# Donkeys!



## chisholmfarms (Sep 20, 2013)

My first experience with a donkey in the pasture with my beloved goats was not a good one, at all. I've noticed several people have had an issue with donkeys not being good guard animals but more of a predator. I prefer a miniature donkey in with my goats. They are small just like goats and easier to handle. You may have to gradually introduce goats to them but like any new animal meeting another one they get use to them. Twister was my first mini donkey. I use him to pull a buggy and protect my goats. I also show him in shows all over middle Tennessee.


----------



## happybleats (Sep 12, 2010)

he's a cutie..


----------



## ksalvagno (Oct 6, 2009)

Cute little guy!


----------



## nchen7 (Feb 25, 2013)

he's so cute!!!!


----------



## usamagoat (May 2, 2013)

he is cute


----------



## chisholmfarms (Sep 20, 2013)

Thank you : )


----------



## GoatieGranny (Jul 26, 2013)

Oh how sweet. I love donkeys.

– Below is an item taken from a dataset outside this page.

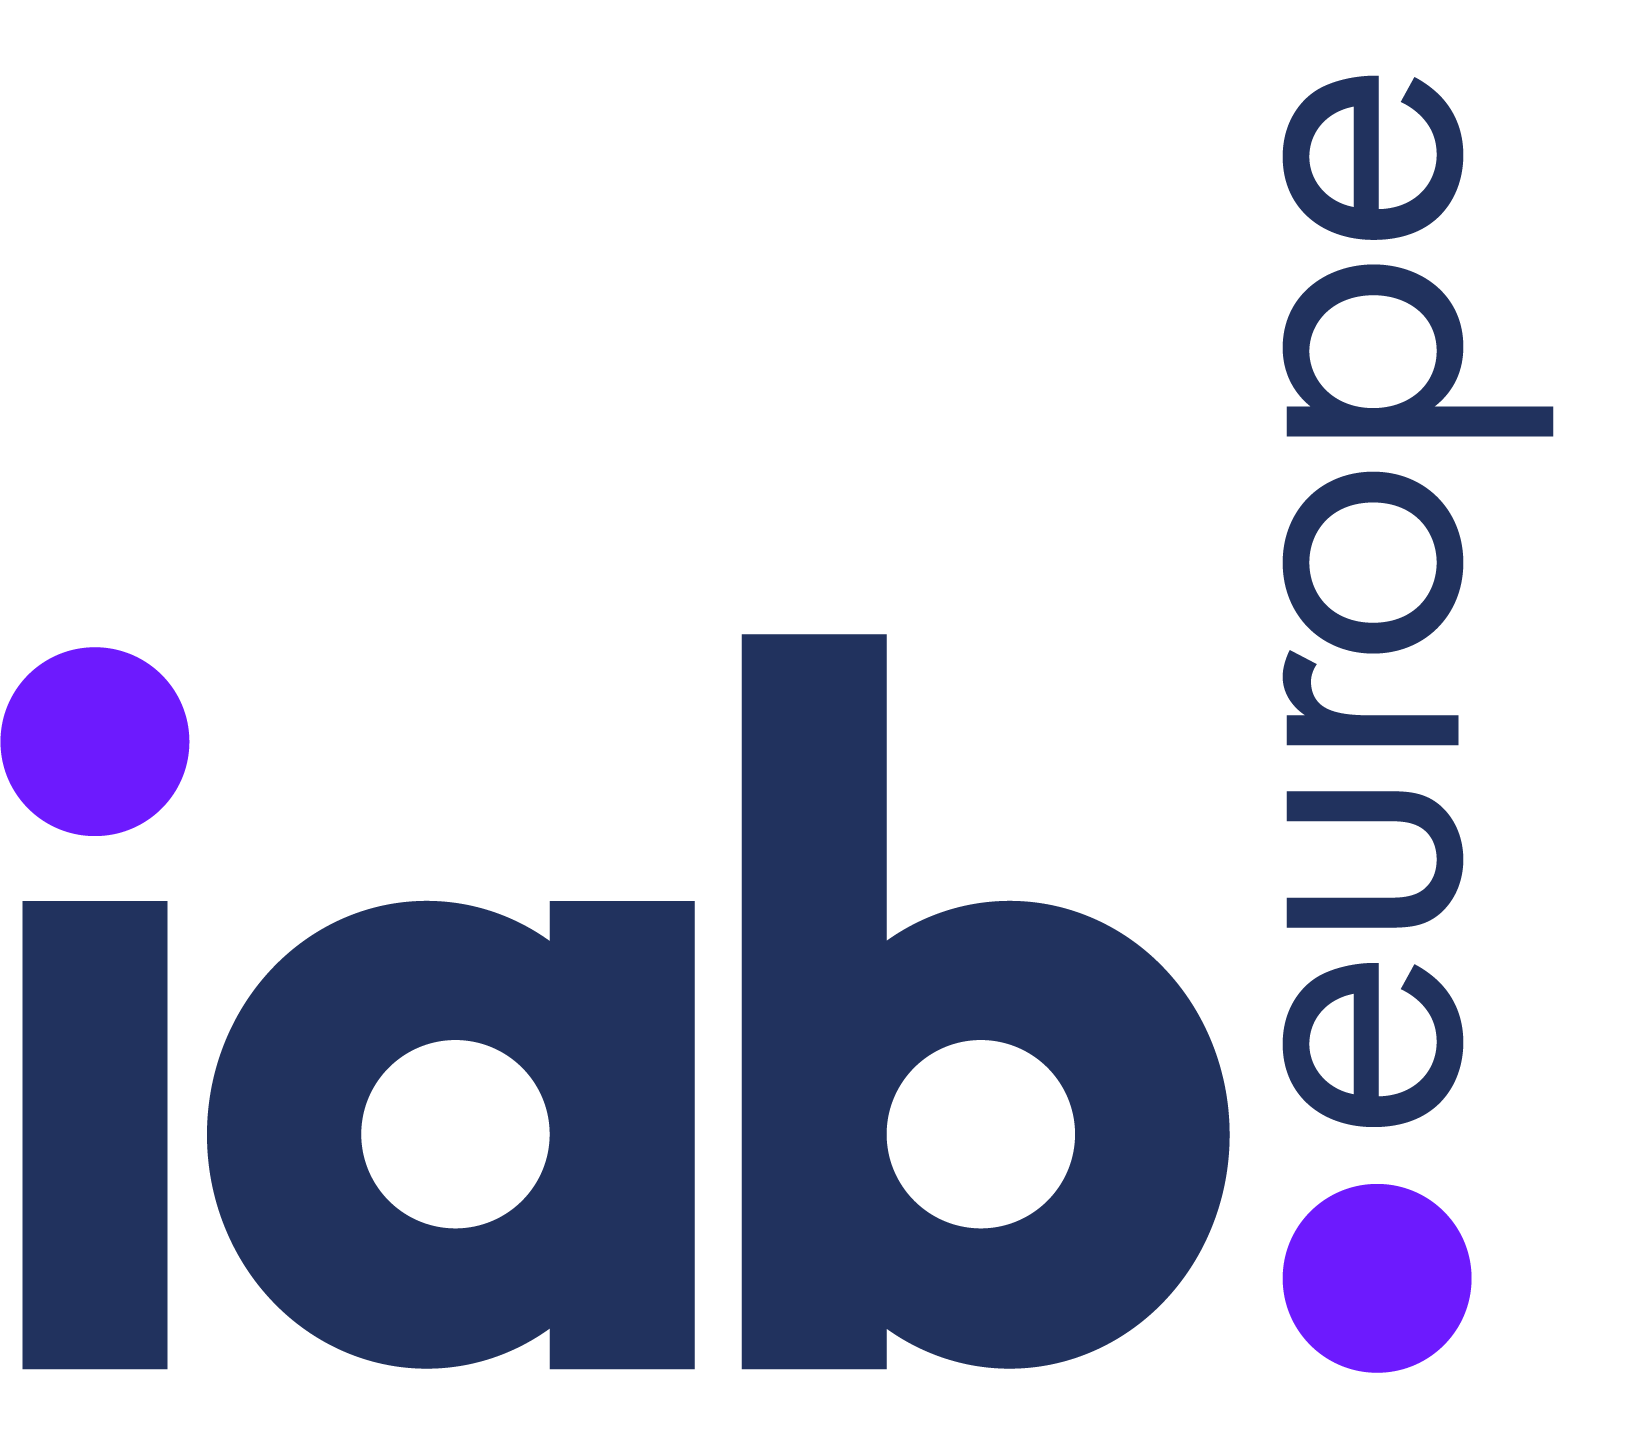 iab-logo.png (21 KB)

We had them years ago, but never a mini.


----------



## lottsagoats (Dec 10, 2012)

But how is a mini Donk against multipal predators or even large dogs? I've been tempted to get one but was concerned because of their small size. I do have bear and large packs of coyote (that the dogs, fortunately, keep away)

Also, how are the Doinks if a dog gets in with them? I have 10 big dogs that I love more than any other animal on my farm and do not want to chance having them hurt.


----------



## lottsagoats (Dec 10, 2012)

Oops, Donks not Doinks.


----------



## usamagoat (May 2, 2013)

I wish i could have one!


----------